As described above, according to the present invention, since the shaft hole of the driven gear of the sub-gear transmission is press-fitted to the output shaft so as to slide with a predetermined torque or more, the engine output is reduced. Normally, when a shock exceeding the engine output is received, slippage occurs in the press-fitted portion, preventing overload, and preventing the power drive system from being damaged.

The entire engine case can be reduced in size and weight without increasing the number of parts in the drive system, and the cost can be reduced.

[Brief description of the drawings]

FIG. 1 is a longitudinal sectional view of a main part of an overload prevention device for an off-road vehicle according to an embodiment of the present invention.

FIG. 2 is a partially longitudinal plan view showing a portion from a crankshaft to a propeller shaft of the engine according to the embodiment.

FIG. 3 is a vertical cross-sectional view showing from the output shaft to the rear wheel of the engine according to the embodiment.

FIG. 4 is a reference side view showing an off-road vehicle.

FIG. 5 is a vertical cross-sectional view showing a conventional overload prevention device for an all-terrain vehicle.

[Explanation of symbols]

 DESCRIPTION OF SYMBOLS 1 Crankshaft 2 Starting clutch 3 V-belt continuously variable transmission 4 Sub gear transmission 5 Counter shaft 6 Drive gear 7 Driven gear 8 Output shaft 11 Propeller shaft 13 Axle 15 Shaft hole 28 Press-fit allowance

Continued on the front page (51) Int.Cl. ⁷ Identification symbol FI Theme coat II (reference) F16D 7/02 F16D 43/286 43/286 F16H 3/08 Z F16H 3/08 9/18 A 9/18 35/10 H35 / 10 F16D 1/06 CF term (reference) 3D039 AA02 AA04 AB21 AC34 AD23 3D043 AA06 AA07 AB17 EA03 EA14 EA36 EA42 EC03 EF19 3J028 EA30 EB33 EB35 EB44 EB62 FA21 FB06 FC32 FC38 FC02 FC07 AB02

Claims (3)

[Claims] A power transmission from an engine to an output shaft from a main transmission via a sub-gear transmission, wherein a shaft hole of a driven gear meshing with a drive gear of a counter shaft of the sub-gear transmission is formed on the output shaft.
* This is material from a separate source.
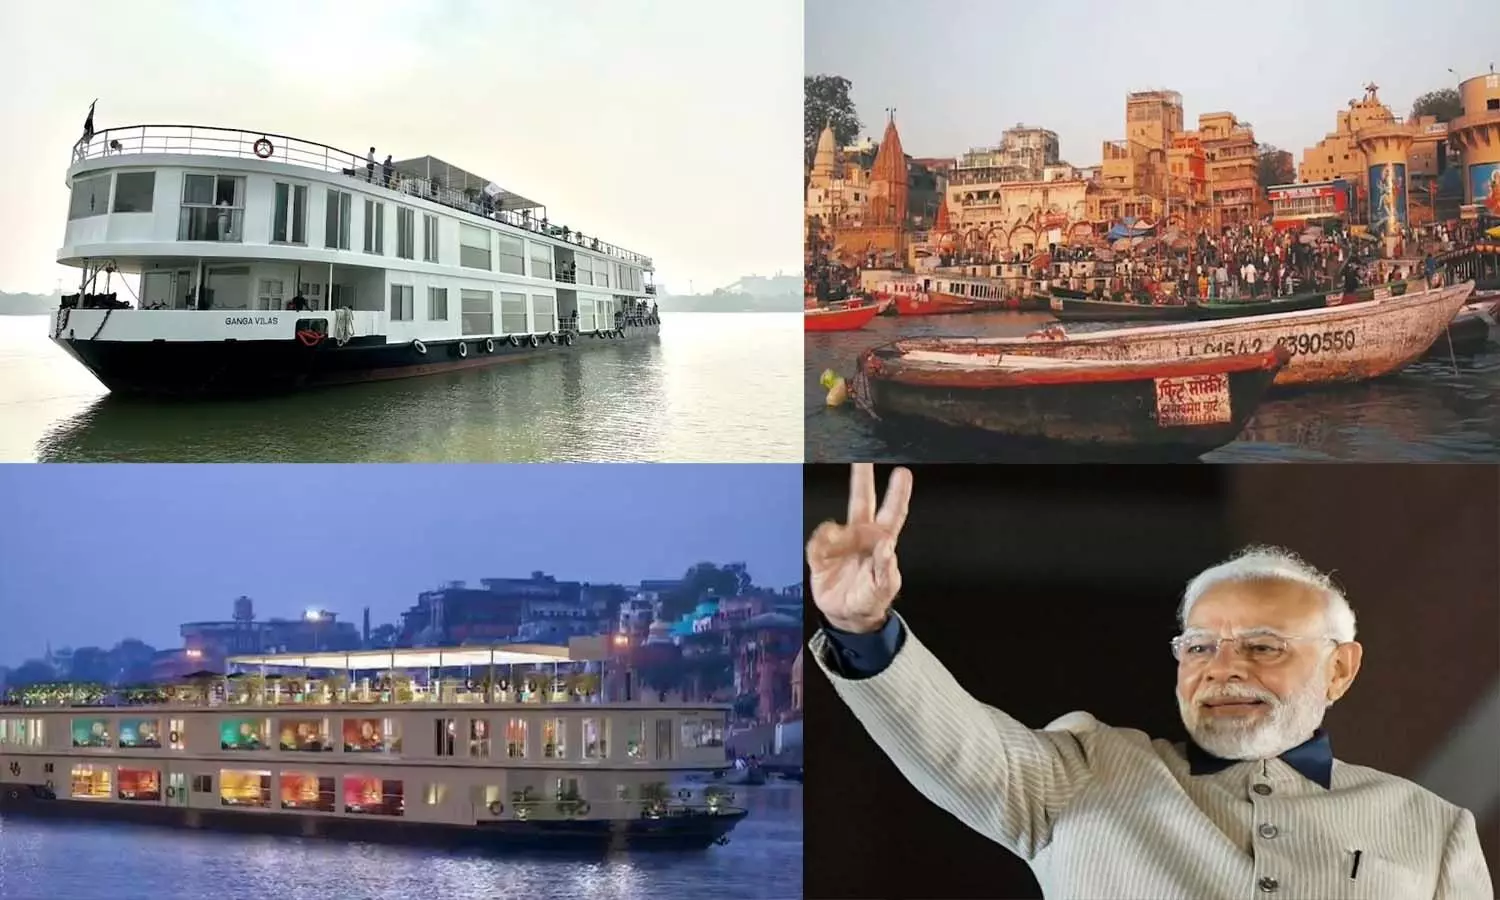 Ganga Vilas Cruise: गंगा तथा ब्रह्मपुत्र नदी प्रणालियों से जुड़े विभिन्न संस्कृतियों तथा धार्मिक एवं विश्व विरासत स्थलों को जोड़ता गंगा विलास क्रूज

An overload prevention device for an uneven terrain traveling vehicle, wherein a press fit is set, and the press fit is set so that a slippage occurs between the driven gear and the output shaft at a predetermined torque or more. 2. The overload prevention device for an uneven terrain traveling vehicle according to claim 1, wherein the main transmission mechanism is a V-belt type continuously variable transmission provided with a starting clutch on an input side. 3. The overload prevention device for an uneven terrain vehicle according to claim 1, wherein four wheels are driven from an output shaft via a propeller shaft and front and rear axles.